En notre qualité d’élus, nous ne pouvons accepter que cette situation perdure.

Quand le maire de Nice déclare « vouloir remettre la République au cœur des quartiers », nous souhaitons d’abord qu’il commence par demander au principal office HLM de la ville de rendre des comptes aux locataires de tous les quartiers dont il a la charge, y compris celui des Liserons.

Présenter des projets de rénovation c’est bien, mais l’urgence, c’est d’abord de s’occuper des difficultés quotidiennes. En attendant la restructuration, il n’est pas normal de laisser sans entretien, ni investissement tout ce qui concerne l’accès à l’eau.

En conclusion

Nous demandons une révision du montant des charges des locataires. En aucun cas, ces derniers ne doivent supporter le coût des gaspillages en eau dont ils ne sont pas responsables et qui sont consécutifs à des négligences imputables à Côte d’Azur Habitat et à son service d’astreinte.

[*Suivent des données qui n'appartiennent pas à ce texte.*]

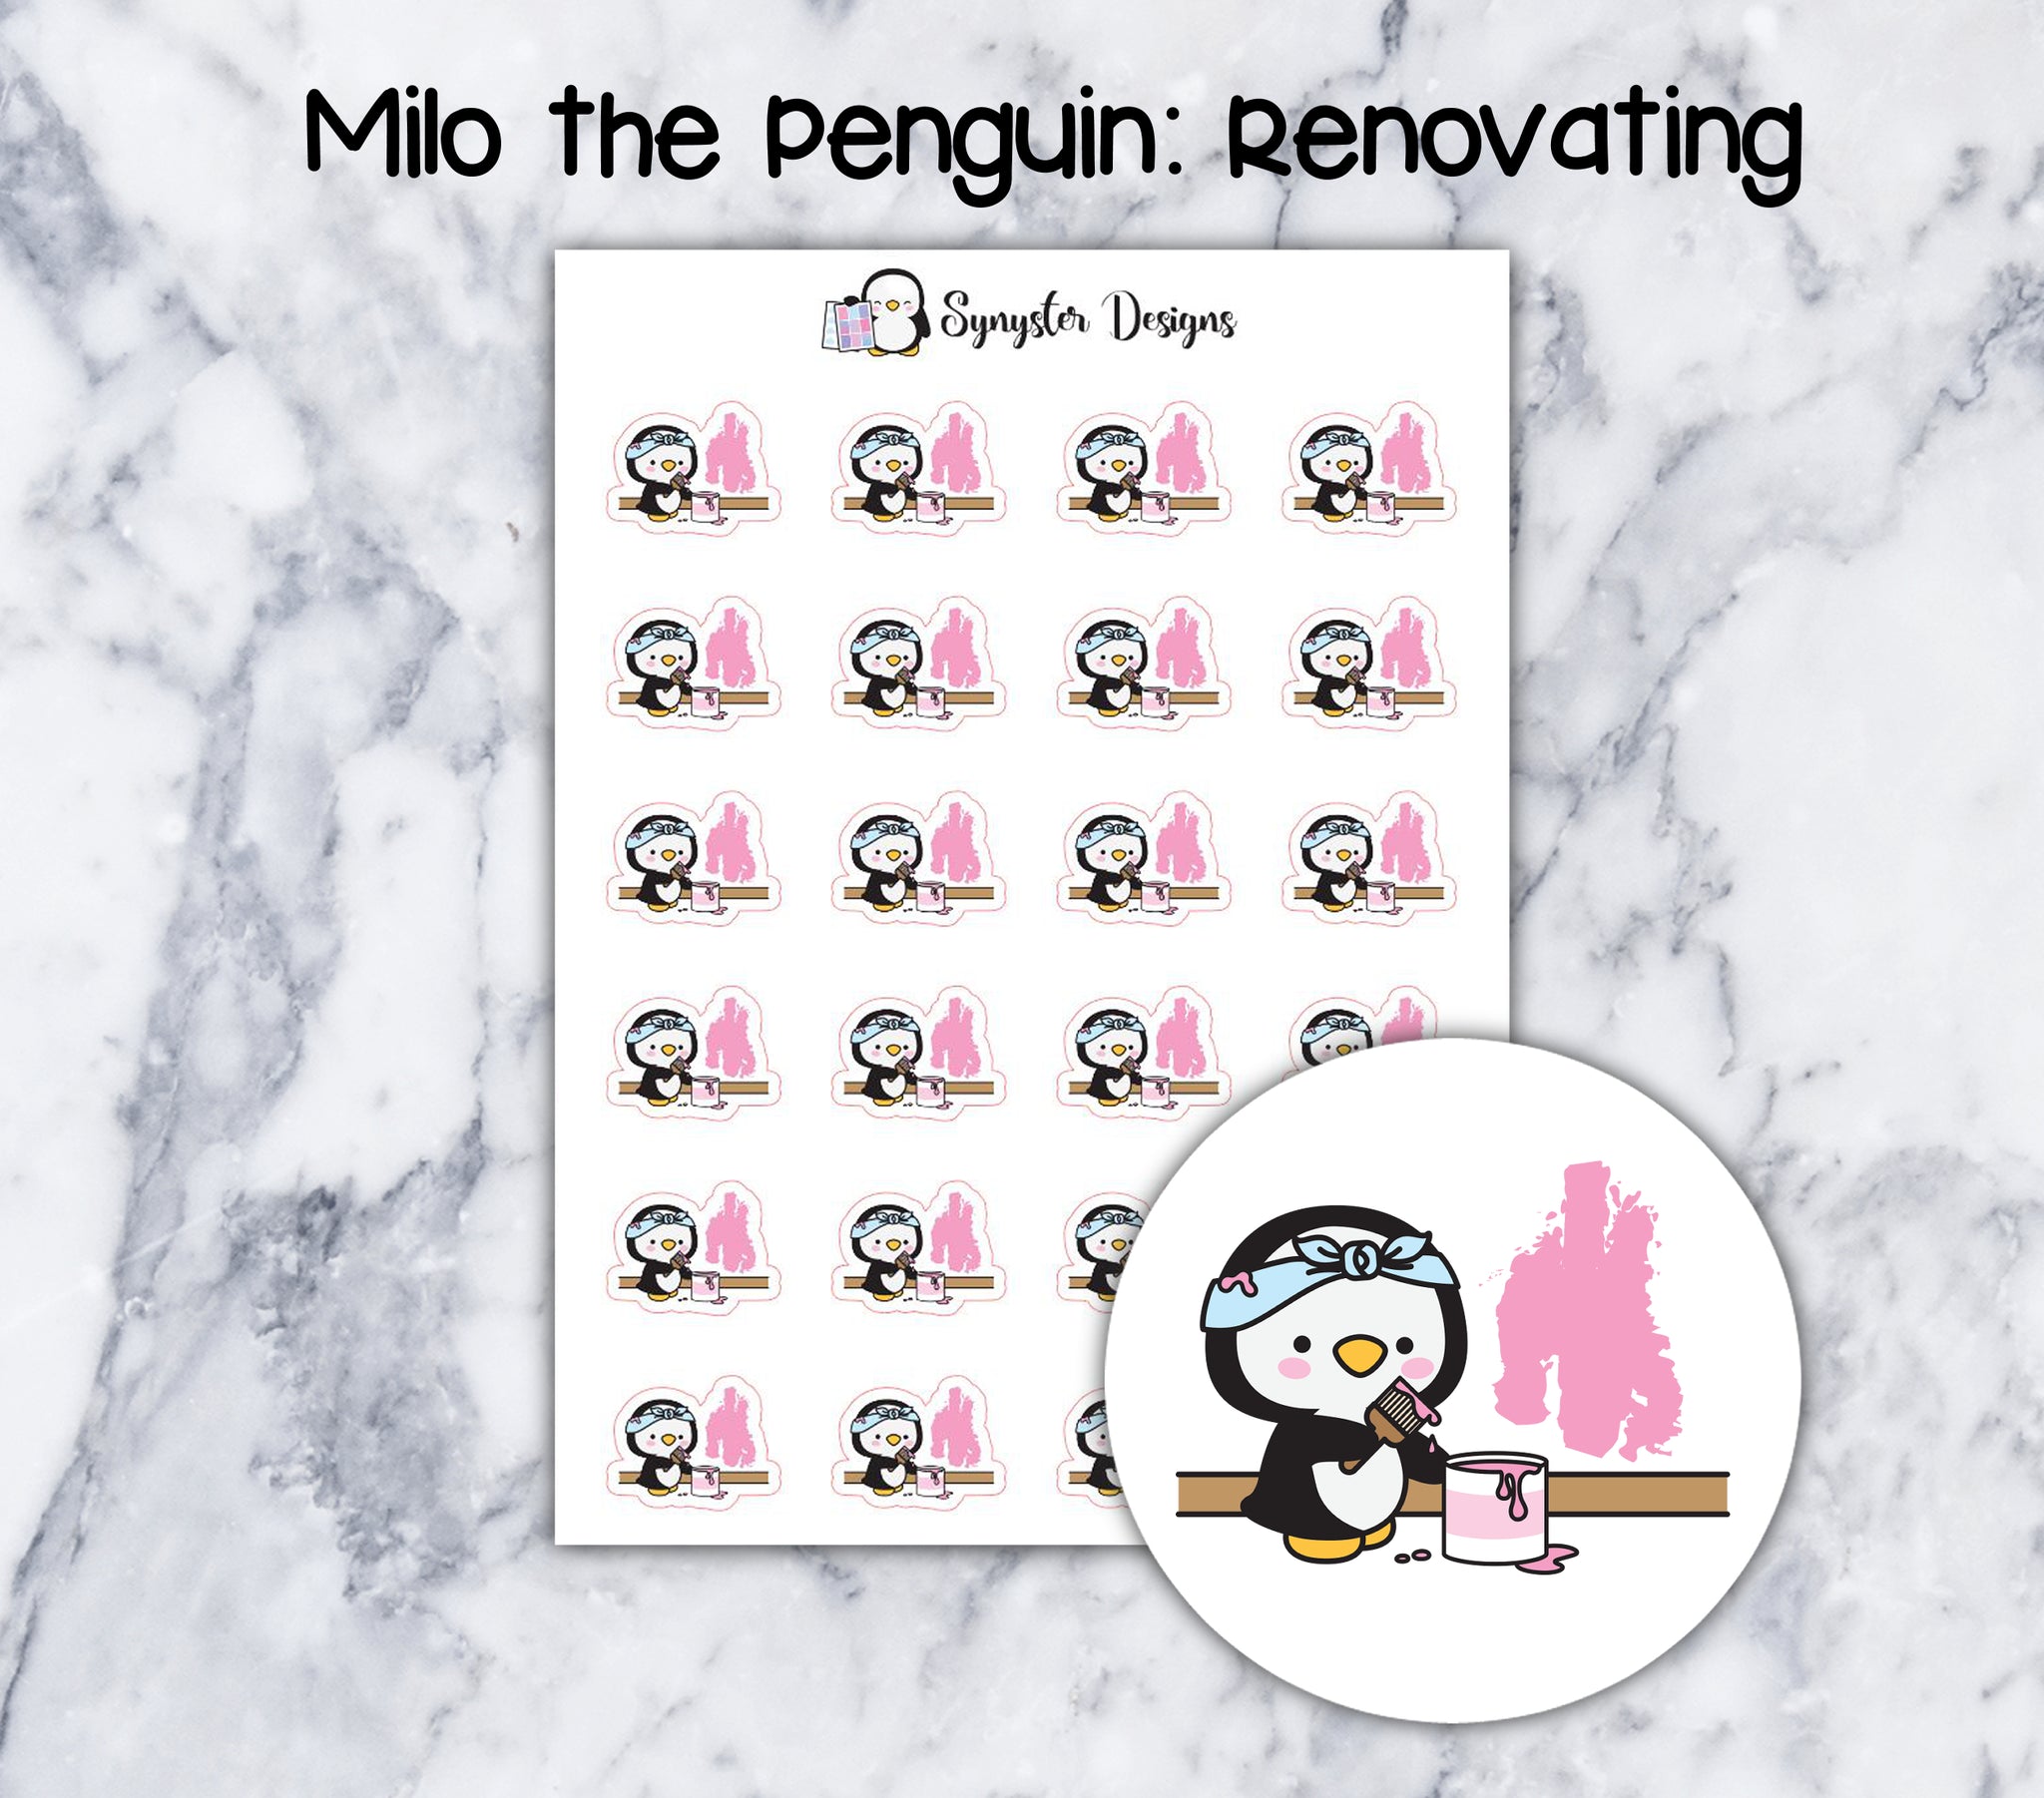 Renovating Milo the Penguin

La ville de Nice ne peut pas déclarer vouloir renforcer le vivre ensemble et favoriser, dans les faits, des crispations de plus en plus fortes dans les quartiers.

Remettre la République au cœur des quartiers !

 

Cette belle phrase rappelle la grandeur du défi qui se dresse devant les pouvoirs publics. Mais cette phrase est aussi un paravent utilisé par de nombreux élus pour masquer la vacuité de leurs choix politiques dans le domaine de la politique de la ville, qui est à la dérive.

Les résultats sont là. Même les associations les plus soutenues par la ville, comme ADAM, tirent la sonnette d’alarme. Des dizaines d’autres licencient, diminuent leurs volumes d’activités.

Il en est de même au niveau du logement et plus particulièrement de l’absence d’entretien des immeubles, notamment du parc social de Côte d’Azur Habitat. Ce qu’il se passe aux Liserons depuis samedi où la tuyauterie de l’eau chaude d’un immeuble a cédé provoquant des inondations de garages et autres, en est le dernier exemple en date. Et qui paiera ? Encore les locataires sur leurs charges ?

Ce sera un des grands enjeux des prochaines élections municipales car la cohésion sociale et le vivre ensemble de la ville en dépendront.